Surely we needed this, needed the collective holding of breath, the general release when the rocket rose from the launching pad, up into the Florida sky, away from this earth with its virus and lockdowns and riots. Surely we needed something to make us raise our eyes from the here and now, into the heavens.

The Falcon Rocket, along with its two human passengers, lifted off an hour ago, at 3:22 p.m. — the first launch in almost a decade and the first ever from a rocket built by a private company.  It plans to rendezvous with the International Space Station at 10:30 tomorrow, meaning that these astronauts, both veterans of other space flights, will not be hitching a ride on a Russian craft.

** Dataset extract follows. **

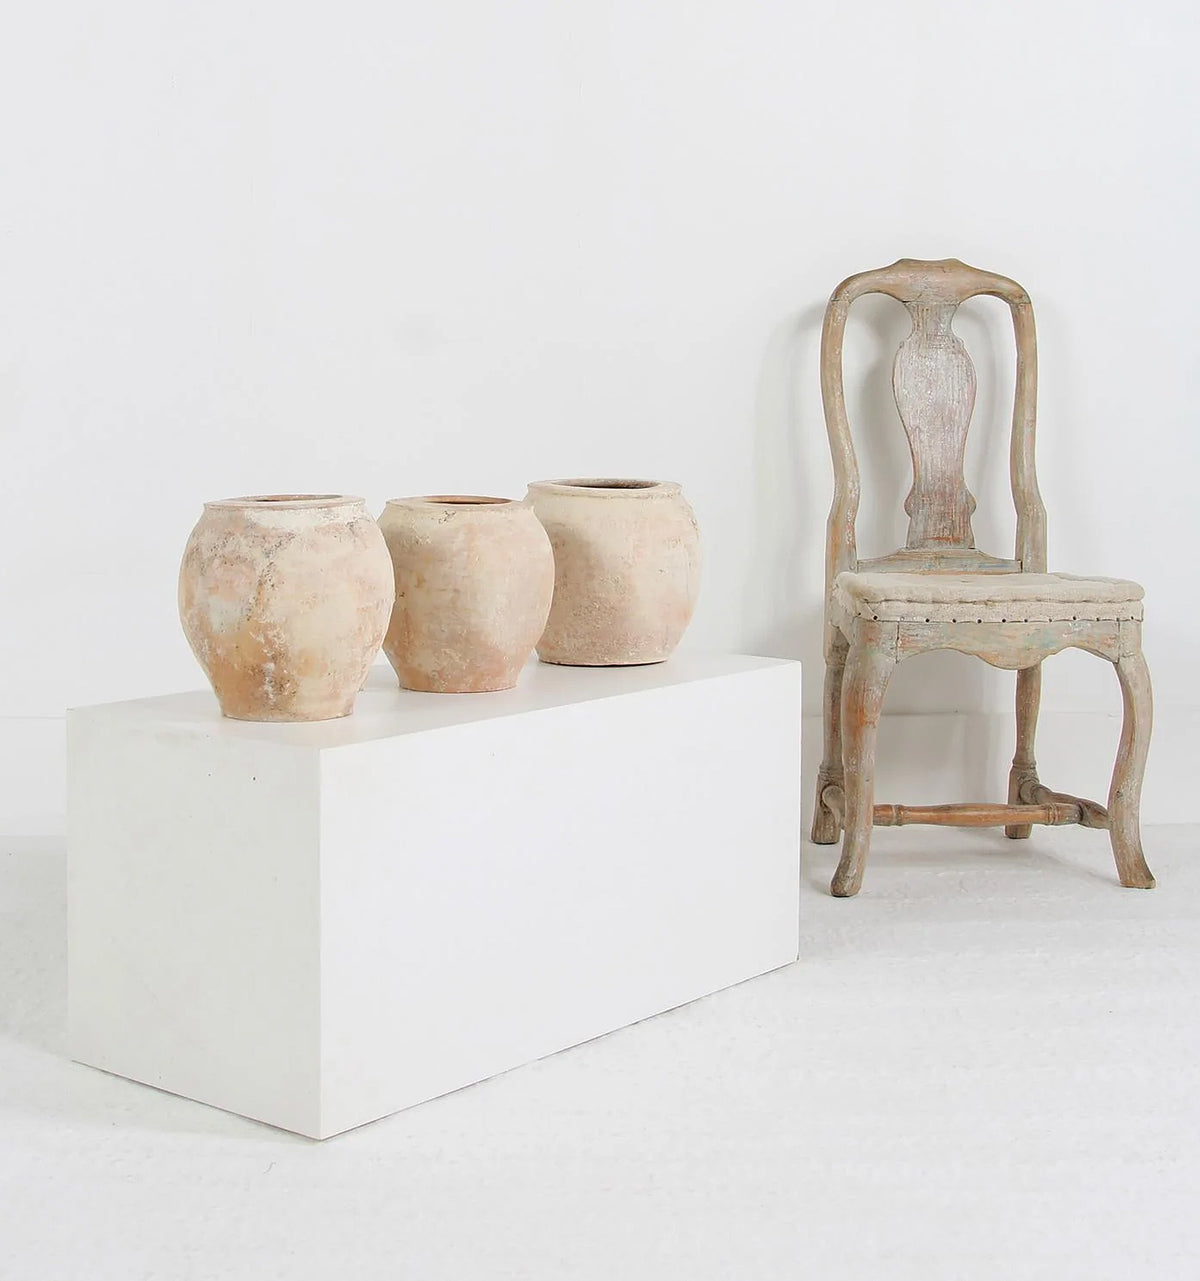 Collection of three terracotta Mediterranean storage jars

As I write these earthbound words I hear the roar of jets making their final approach to Dulles. The dreams of flight that were realized more than a hundred years ago are propelling us still — and, as today’s milestone makes clear — they will continue to do so.

In the News

In the News

It’s a good day for journalism. The Pulitzer Prizes were just announced (the Washington Post won, as did the Baltimore Sun, the Louisville Courier-Journal, the Anchorage Daily News and many others), and it’s also the birthday of Mollie Bly, a journalist who pretended to be mentally ill in order to spend 10 days undercover in the Blackwell’s Island Women’s Lunatic Asylum in New York and document the horrendous conditions she found there.

In 1889 Bly traveled around the world in 72 days, beating the fictional Phineas Fogg’s “Around the World in 80 Days” timetable and becoming famous in the process. She wrote both of these big stories for the New York World, owned by … Joseph Pulitzer.

At a time when the news is often decried and challenged, it’s good to remember all that it does for us, all that it continues to do.